Parallel Computation of Similarity Matrices

NicolasHug / Surprise

A Python scikit for building and analyzing recommender systems

http://surpriselib.com

BSD 3-Clause "New" or "Revised" License

6.27k stars 1k forks source link

Parallel Computation of Similarity Matrices #169

Open gautamramk opened 6 years ago

gautamramk commented 6 years ago

Hi, I was wondering if it would be feasible to make the computation of similarity matrices run in parallel. This would help speed up the process, utilizing multiple cores for computation.

Reference link for Parallel Programming with CPython: http://cython.readthedocs.io/en/latest/src/userguide/parallelism.html

NicolasHug commented 6 years ago

I guess it would be fairly easy to do with joblib yes, especially since all the similarity metrics are computed with some sort of map / reduce process.
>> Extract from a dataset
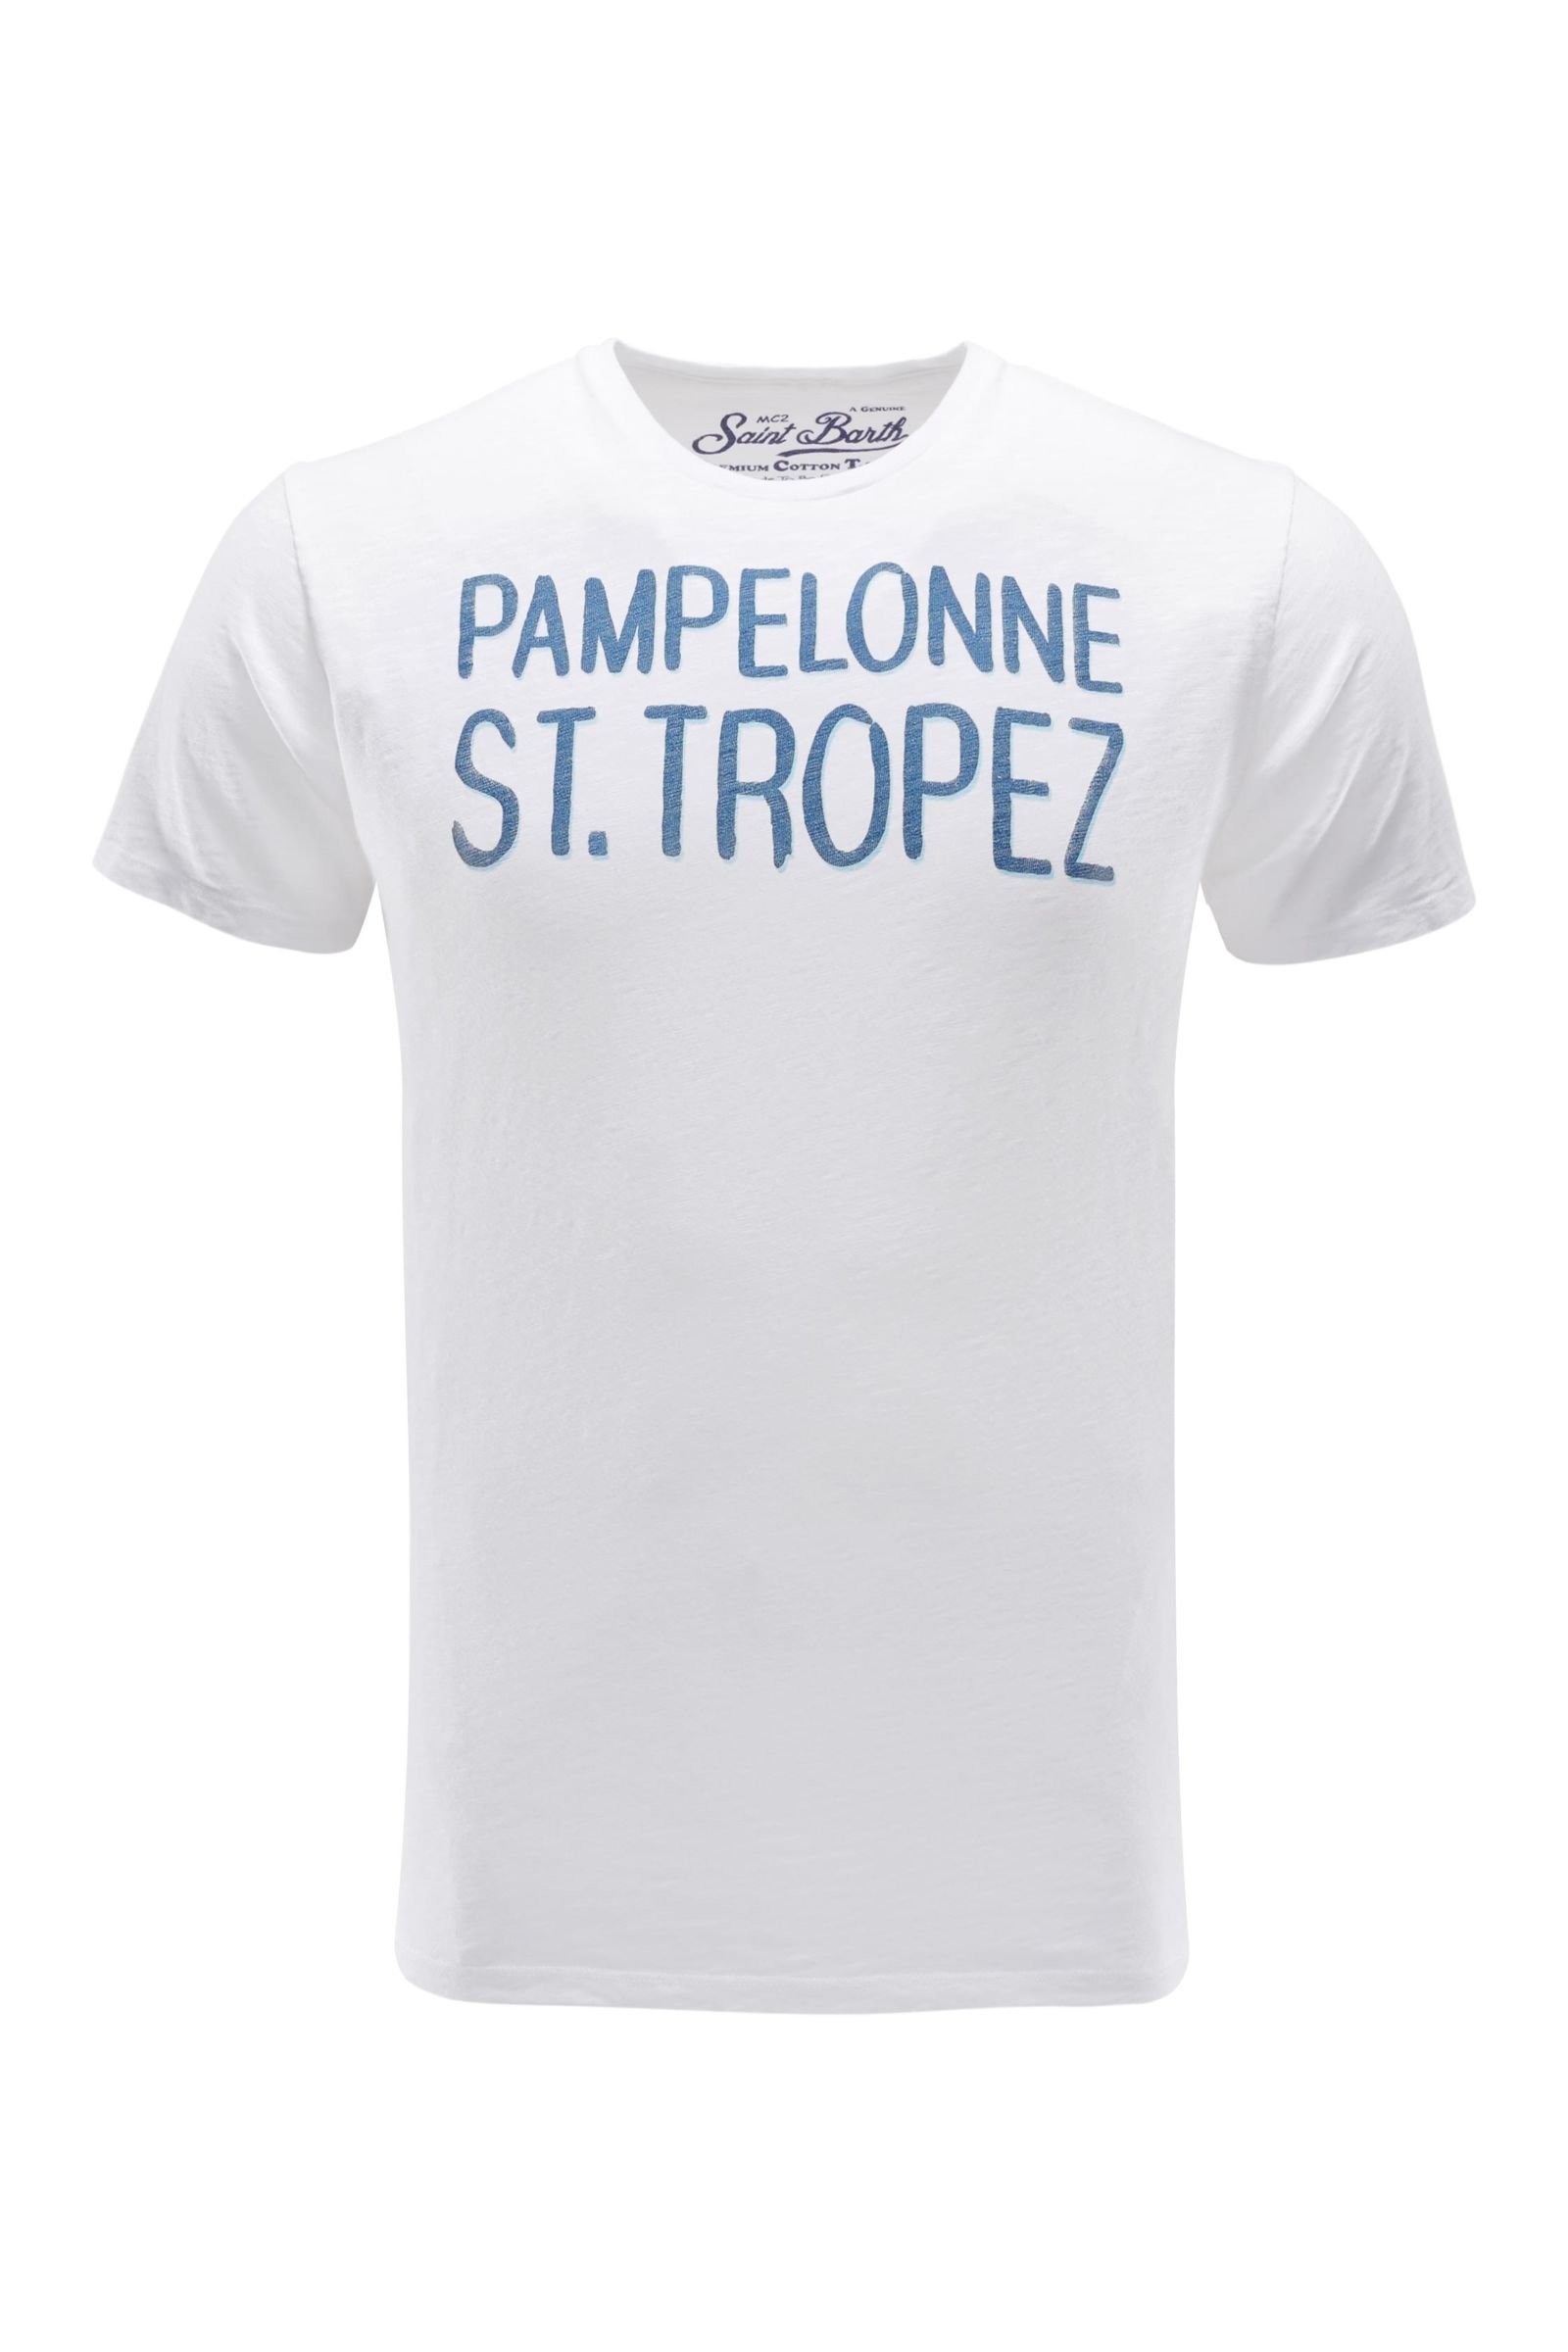 Crew neck T-shirt 'Pampelonne' white

I assume though that you're asking because Spearman computation takes a lot of time (#168 )? I implemented a non-optimized version of Spearman's tau a while ago, and I remember it taking forever to compute. There are probably ways to optimize it (besides parallel computin) but I'm not familiar at all with the details.

gautamramk commented 6 years ago

I didn't ask this for the Spearman computation. Was just asking in general. Would be a very nice feature to have.

NicolasHug commented 6 years ago

Sure, I agree!

gautamramk commented 6 years ago

Can I take this up in my upcoming vacation?

NicolasHug commented 6 years ago

Absolutely

DibyamAgrawal commented 6 years ago

Hi gautamramk, I was wondering if you are working on this issue. If not I can take this up.

gautamramk commented 6 years ago

I shall do it, I am getting back to this issue